A new stage production puts a contemporary twist on Kipling’s classic, writes Colette Sheridan
IN WHAT promises to be a visually stunning show for all the family, Jungle Book, produced by UK-based Metta Theatre company, is staying faithful to the Kipling story, albeit translating it into the contemporary world.
So says director, Poppy Burton-Morgan. The classic coming-of-age story, which has been made into a 2016 fantasy adventure by Disney, inspired by Disney’s 1967 animated film, has, in Metta Theatre’s version, a female in the lead role of Mowgli, the feral child raised by ‘animals’ in an urban jungle.
“In a lot of our shows, if there’s an opportunity to re-gender a role and make it female, we do that because the guys get enough of the good parts. I think it’s amazingly powerful to see a strong young female protagonist leading the story. In a way, the animal characters and even Mowgli, are not gendered roles and can be easily played by males or females.”
The show, an acrobatic, hip hop, rap and edgy experience, has a professional cast of seven and also uses a community cast. Five of the professional cast are dancers and the other two are circus artistes.
“Every so often, there’s a big circus number. There’s only a tiny bit of spoken narration at the beginning and at the end. The story is told almost entirely through dance and circus theatre. It plays out physically and visually.”
The set is a forest made up of lamp posts. Mowgli is raised on the streets by a skate-boarding wolf, a graffiti artist and Baloo who is portrayed as a street sweeper. But gangster rapper, Shere Khan, forces Mowgli out of the street world. She goes back to ‘the suits’ which is the civilised city world, represented as a village in the original story.
“There’s a lot of stuff about class and culture. Mowgli is cast out by ‘the suits’ for being too much of the streets. But the character ends with her realising that she can choose where to belong. She finds her own sense of identity and confidence. Along the way, she meets a vulture who’s a young homeless girl. So there’s a bit about homelessness in the show as well. There’s a little bit of a dig at the banks. If you’re open to the messages in the show, there’s quite a lot there for adult audiences. But for the kids, it’s spectacular circus and street dancing.”
In the original Kipling story — not part of the Disney films — Mowgli is reunited with her birth mother. “In our version, the mother is a kind of business woman.”

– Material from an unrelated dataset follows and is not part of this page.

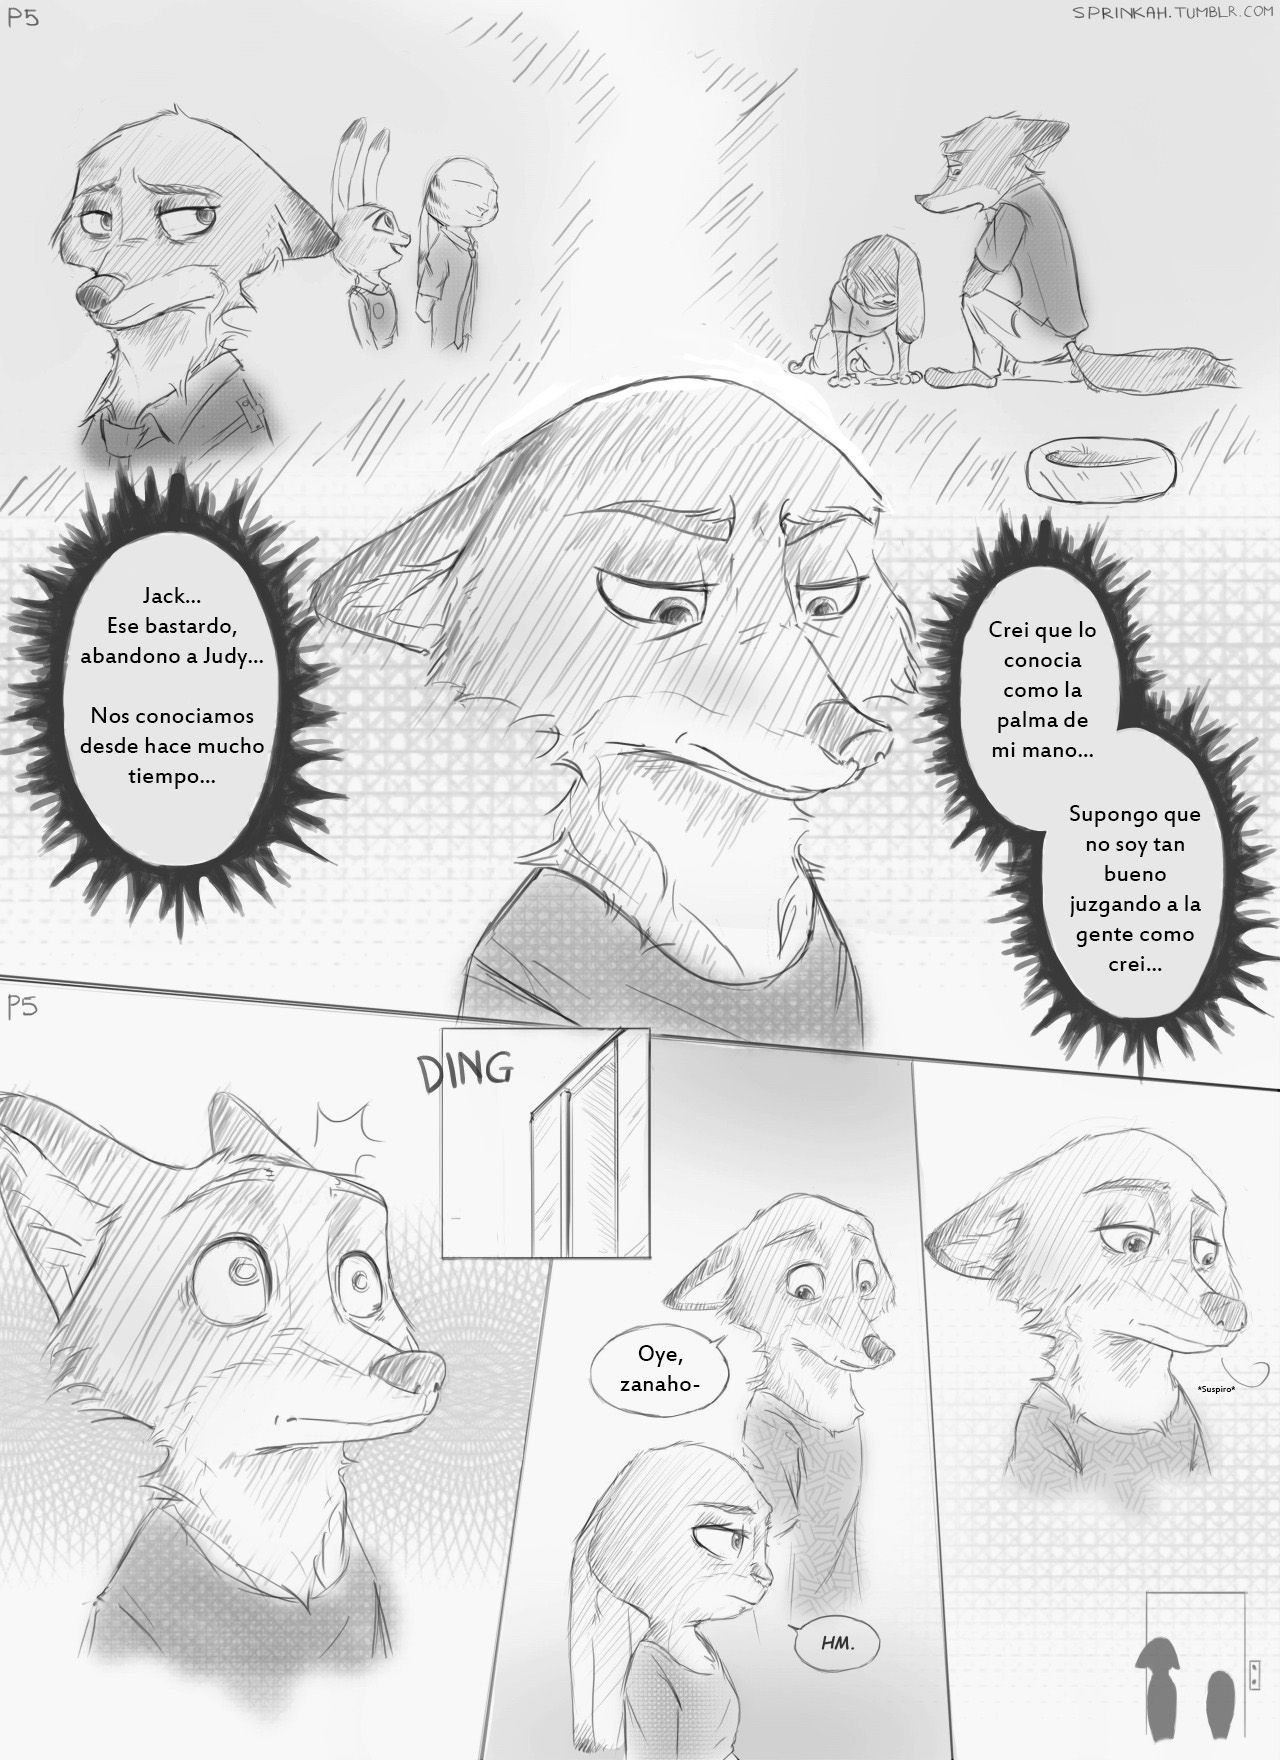 [Sprinkah] This is what true love looks like (Zootopia) (Spanish) (On Going) [Landsec] http://sprinkah.tumblr.com/ 10

Burton-Morgan describes “a wonderful moment where Mowgli goes into a dress shop. Her street clothes are taken off and she’s put into a ball gown. In the dress, she starts off doing a street dance which becomes a kind of waltz. She rejects that and goes back to the street dance. Then she’s put in a big tutu and she performs some ballet. But her street nature is irrepressible despite the ‘suit world’ having tried to make Mowgli conform to a robotic civilised type.”
The original story, written as a piece of social commentary on nineteenth century Indian culture, has been updated by Metta Theatre to portray a 21st century multi-cultural world. “It sends out really powerful messages, particularly about women of diverse heritage. You can see the human aspect of class types and tropes that Kipling was writing about.
“But the core story, the idea of the lost girl or boy, finding out where she/he belongs, will resonate for everyone. It’s relevant now and will be in 100 years time. Some of Kipling’s attitudes and the world he inhabited were not so politically progressive but his writing is beautiful and imaginative.”